**Saved entries**.

<<<<

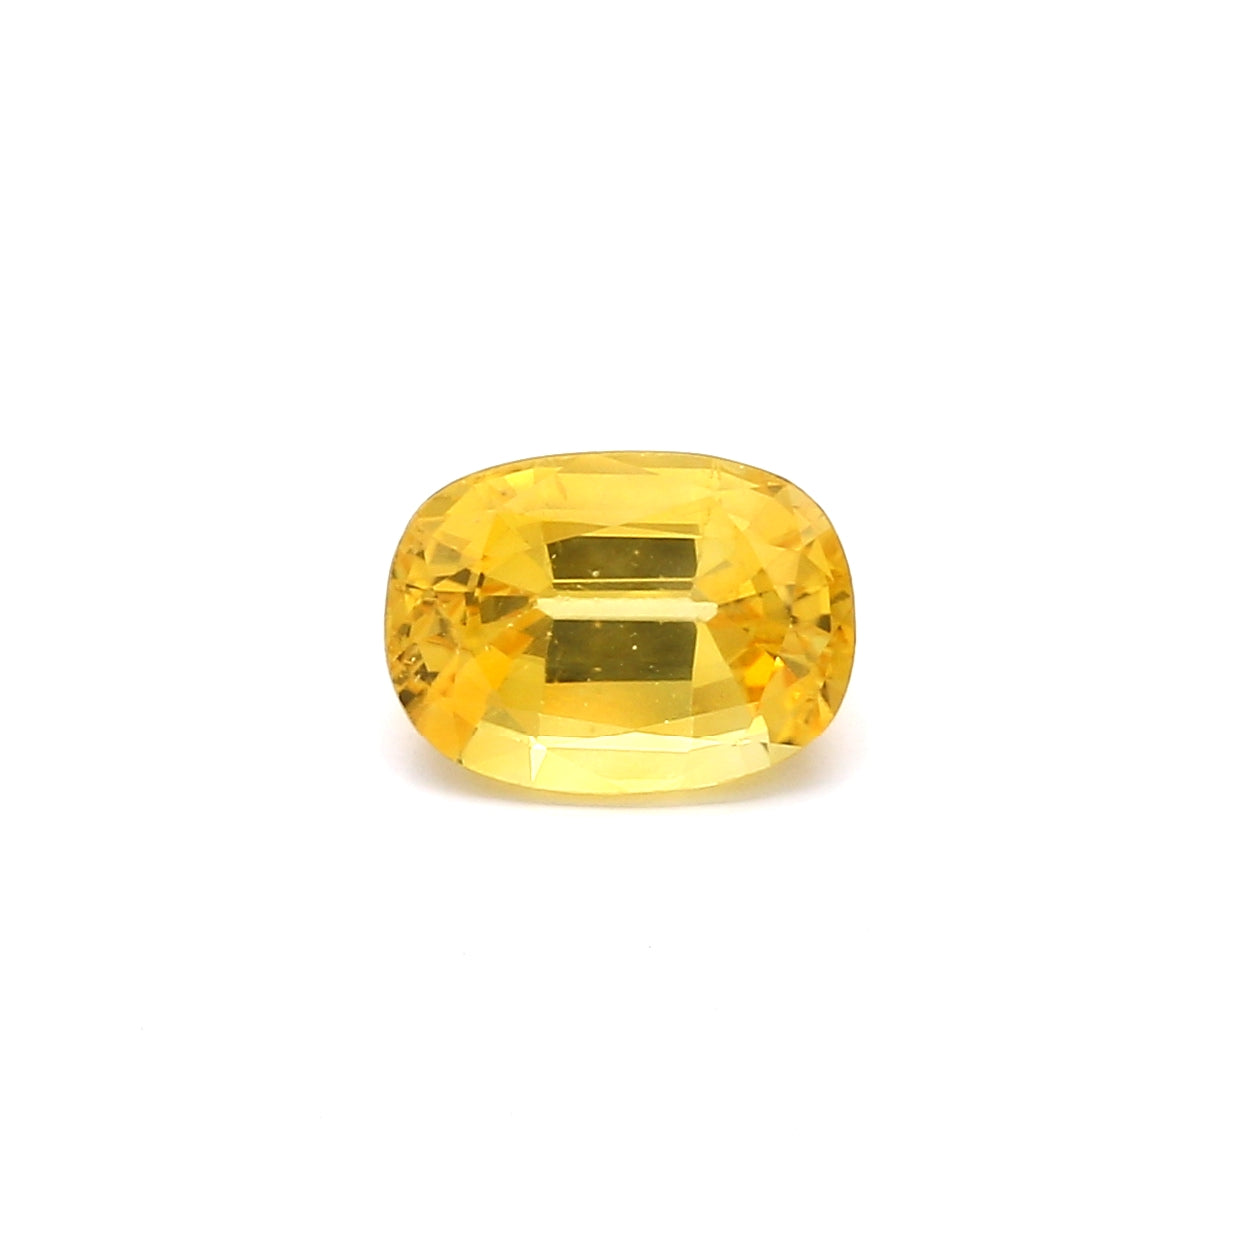 1.84ct Yellow, Oval Sapphire, Heated, Sri Lanka - 8.18 x 6.04 x 4.17mm
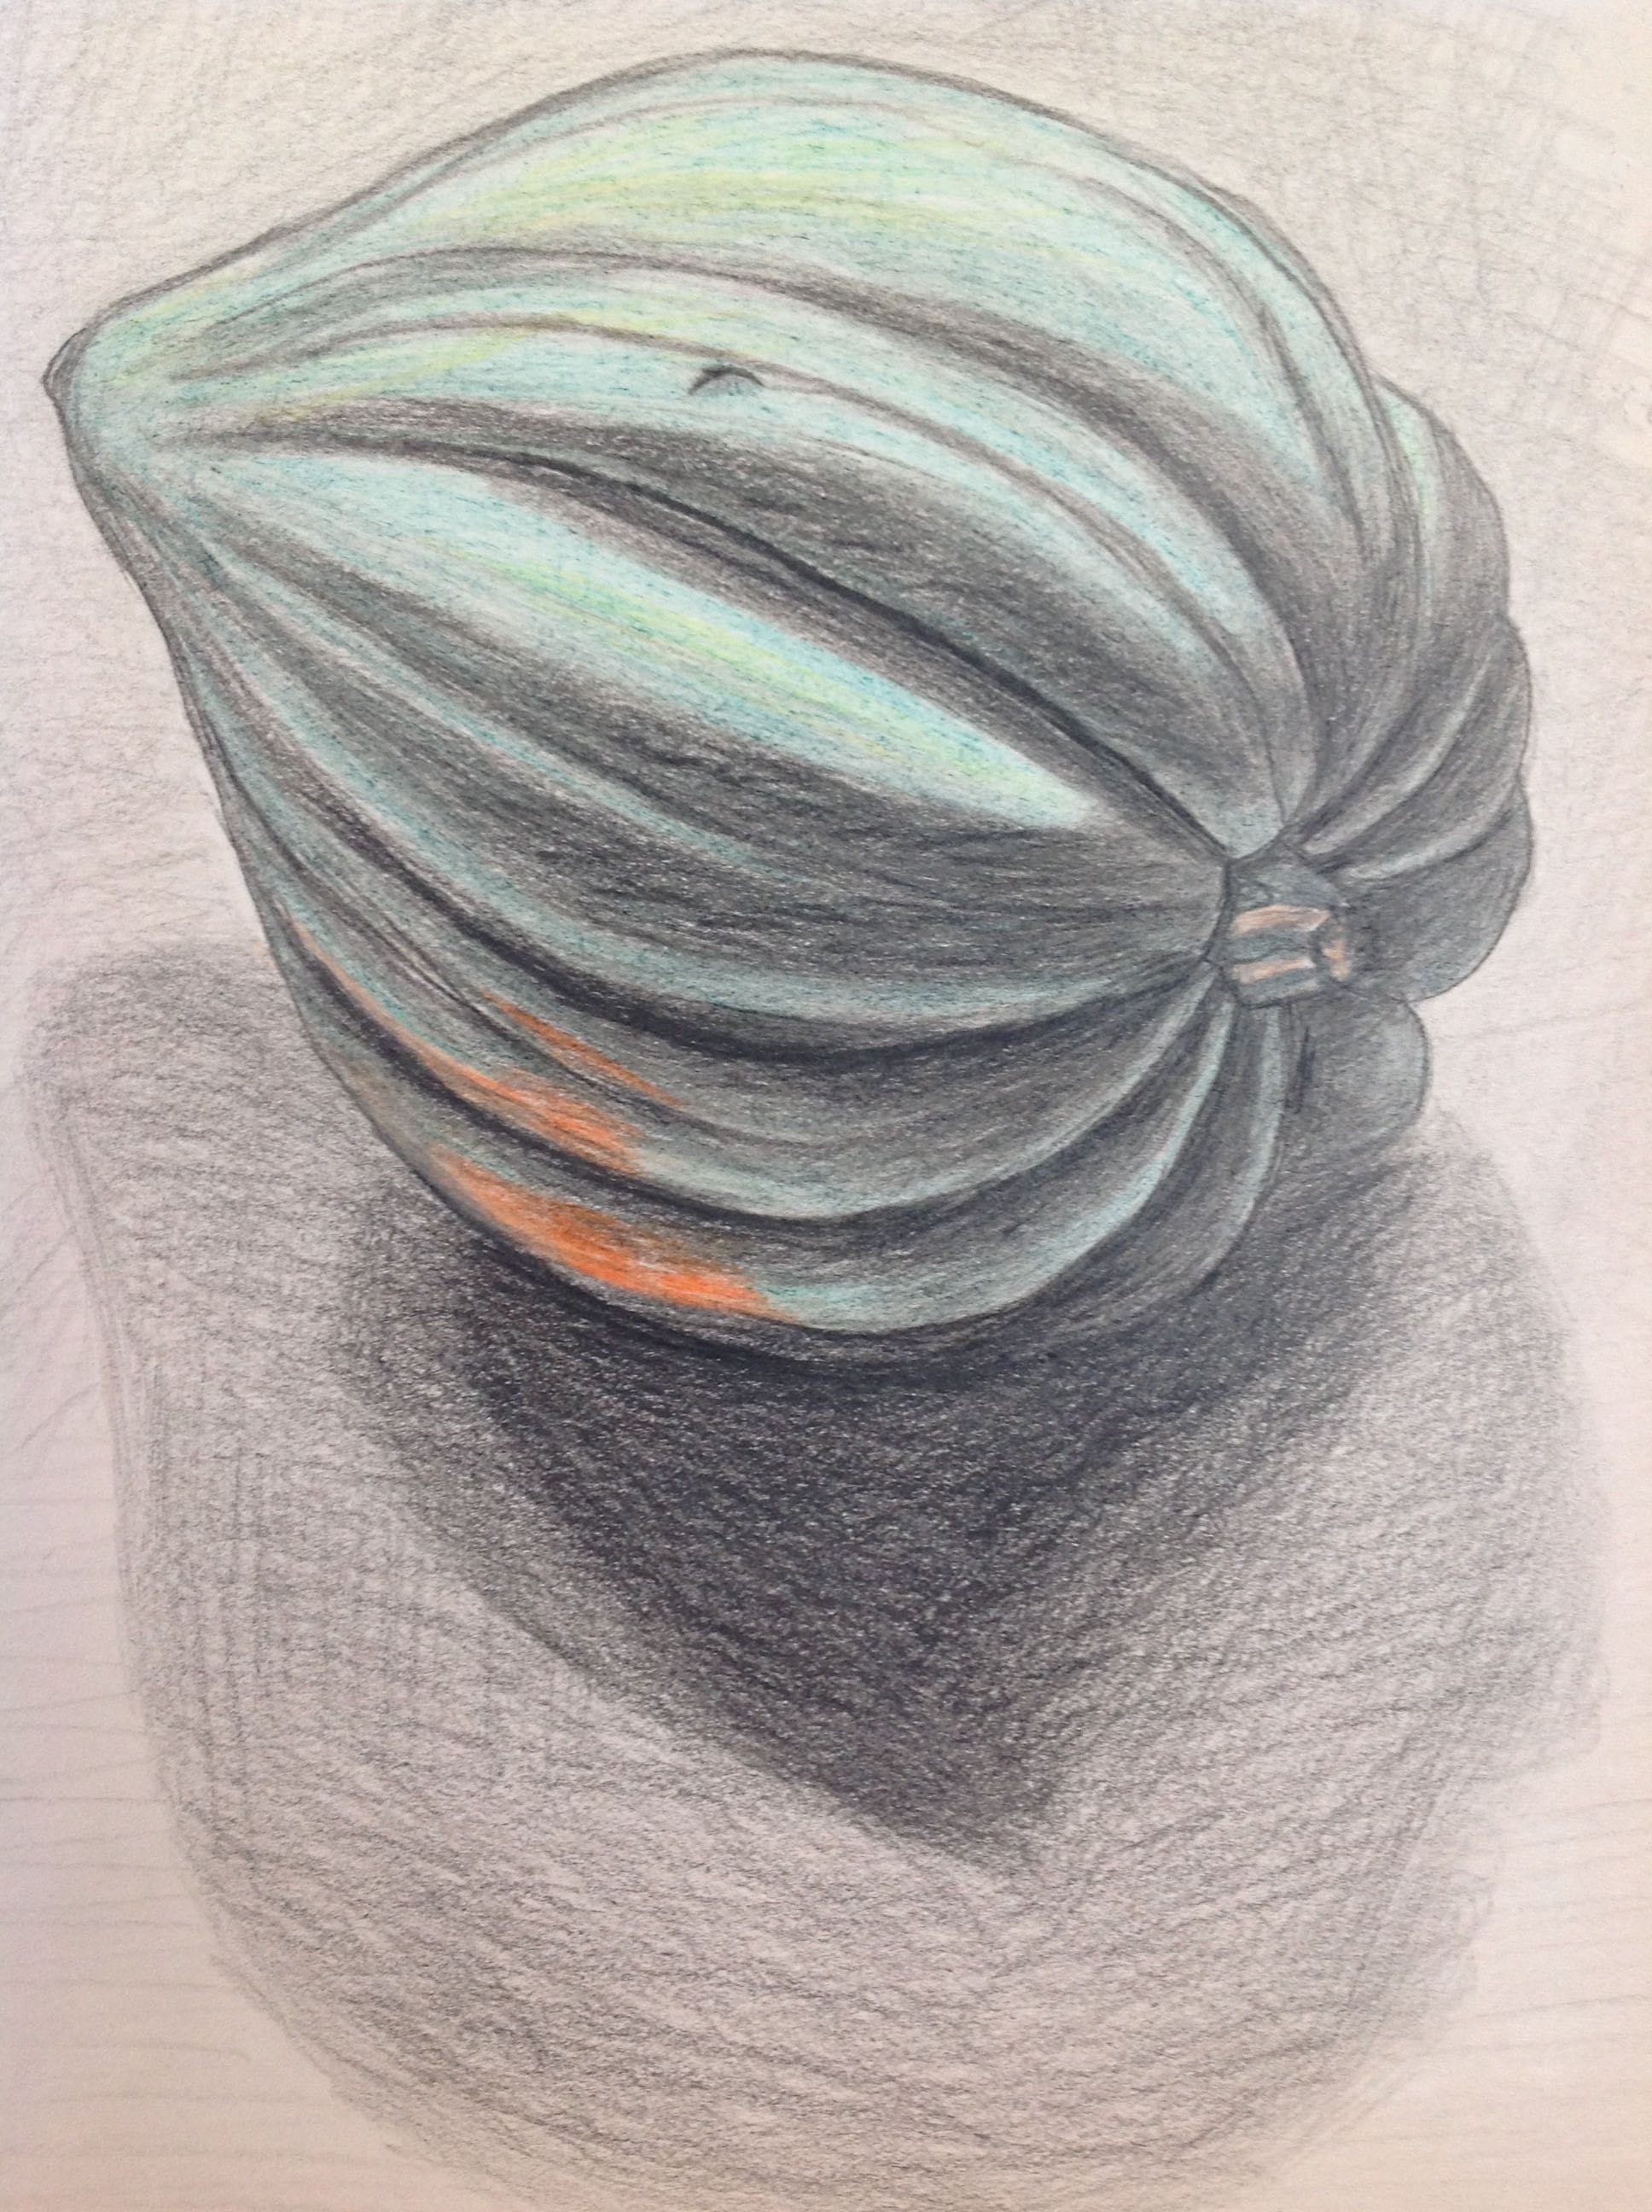 Acorn Squash, 2019
Colored Pencils on Paper
9"W x 11.5"H, Walli White, artist
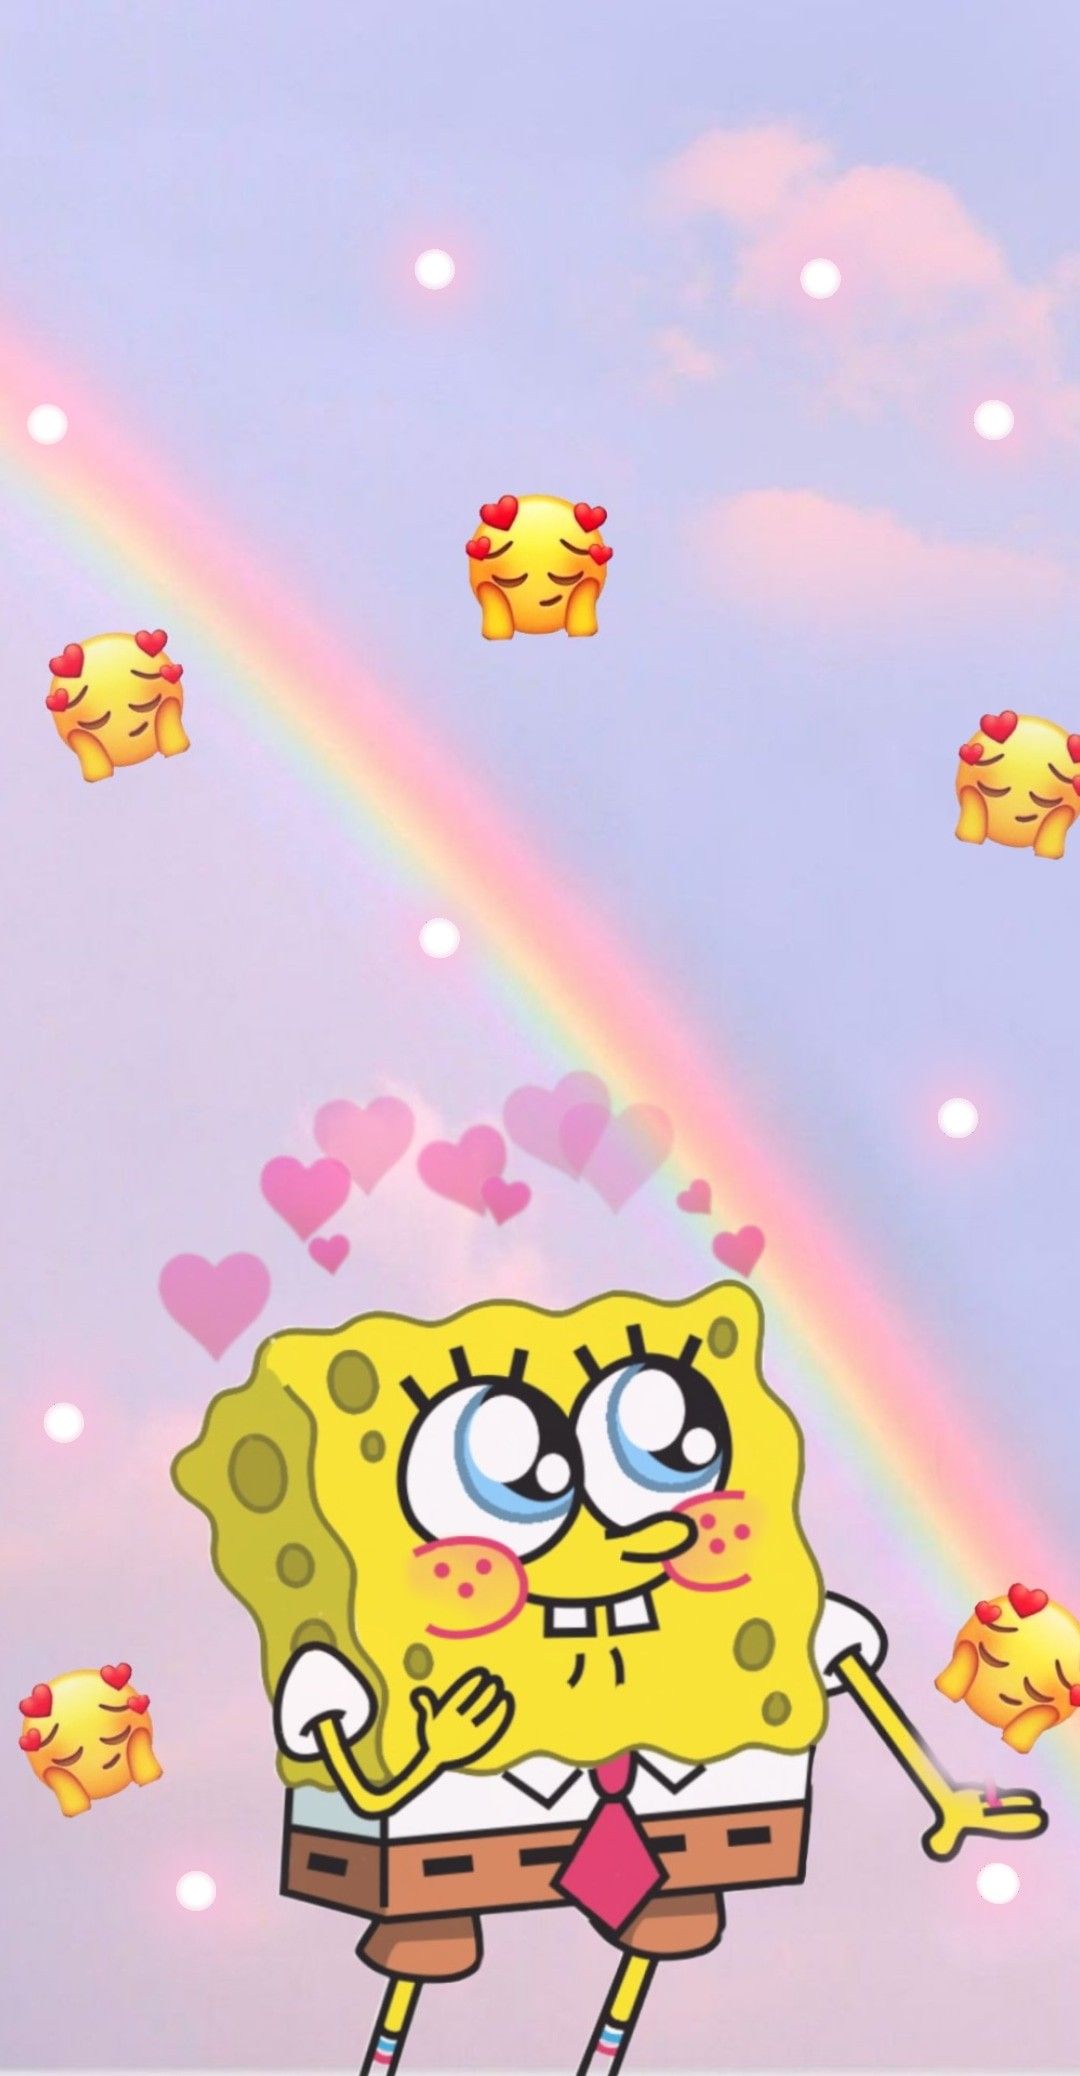 wholesome spongebob  Cartoon wallpaper iphone, Cute cartoon wallpapers, Spongebob  wallpaper
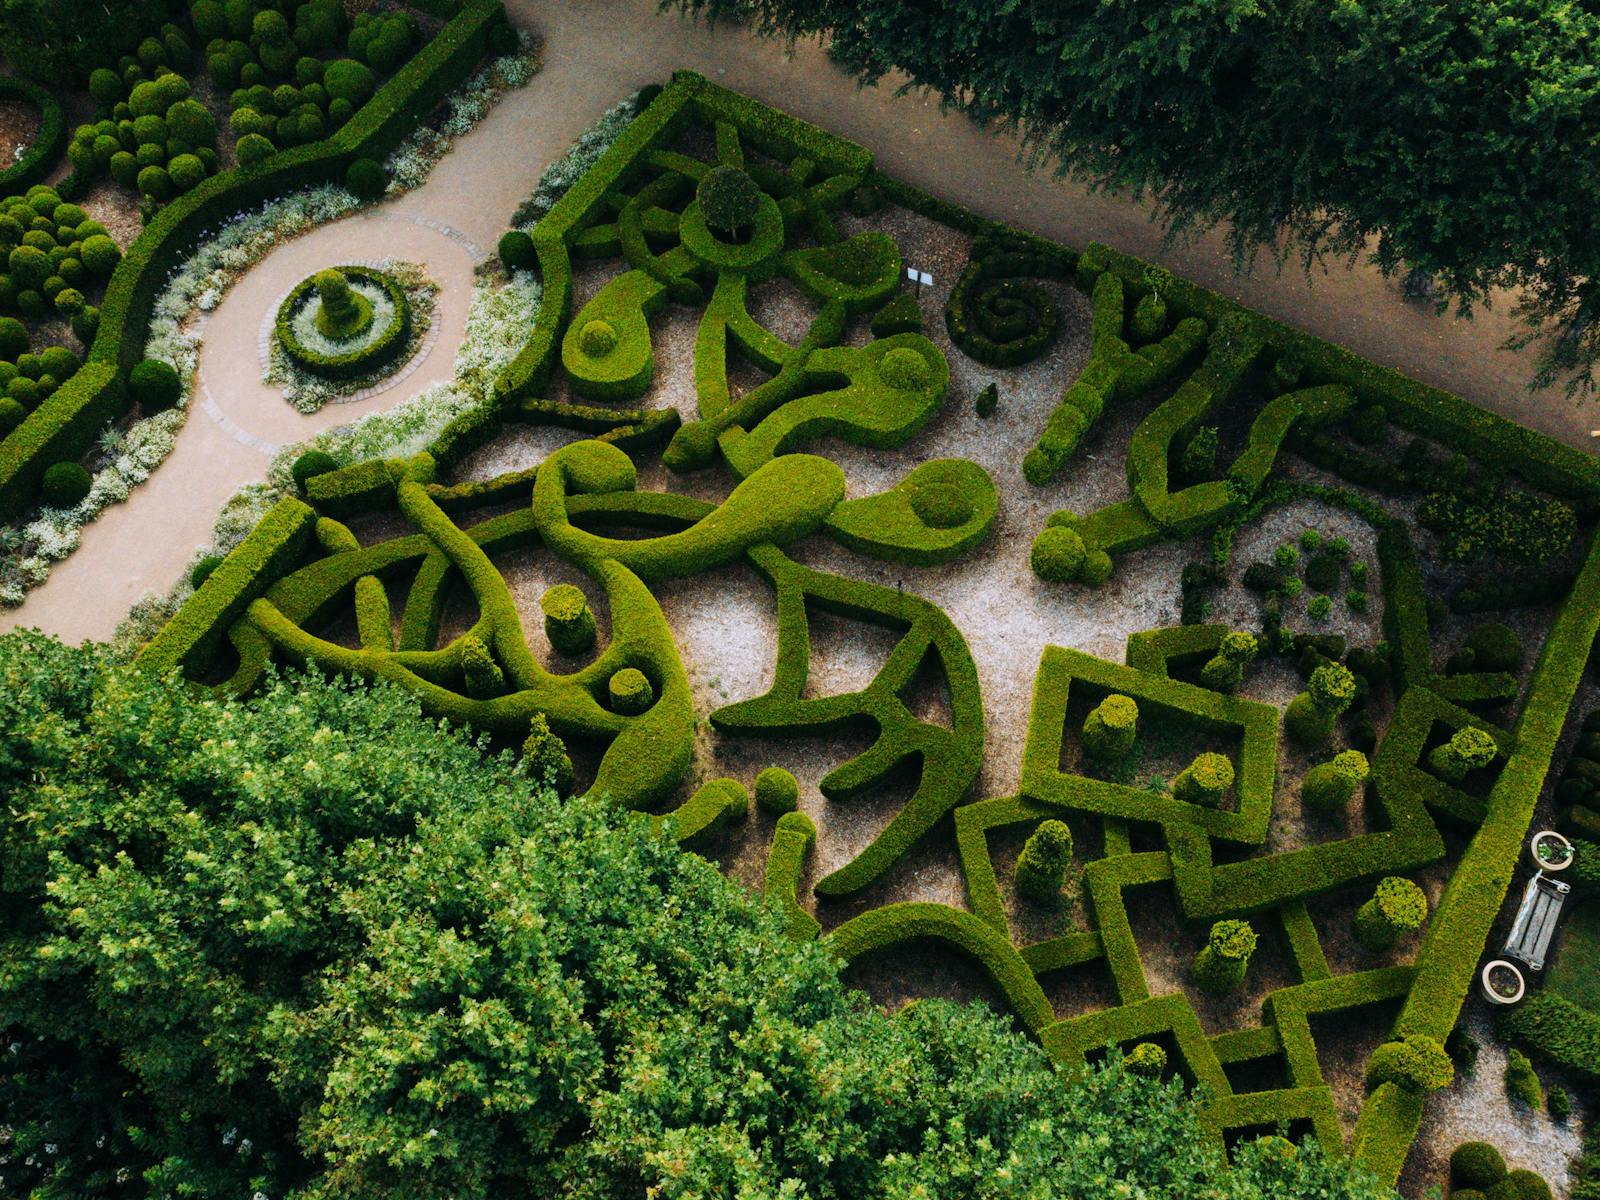 Aerial view of the 'Dordogne' garden

>>>>

**Task to carry out**. Each record above is to be copied out exactly; its pictures are not.

**Solution to this problem**.
 1.84ct Yellow, Oval Sapphire, Heated, Sri Lanka - 8.18 x 6.04 x 4.17mm
 Acorn Squash, 2019
Colored Pencils on Paper
9"W x 11.5"H, Walli White, artist
 wholesome spongebob  Cartoon wallpaper iphone, Cute cartoon wallpapers, Spongebob  wallpaper
 Aerial view of the 'Dordogne' garden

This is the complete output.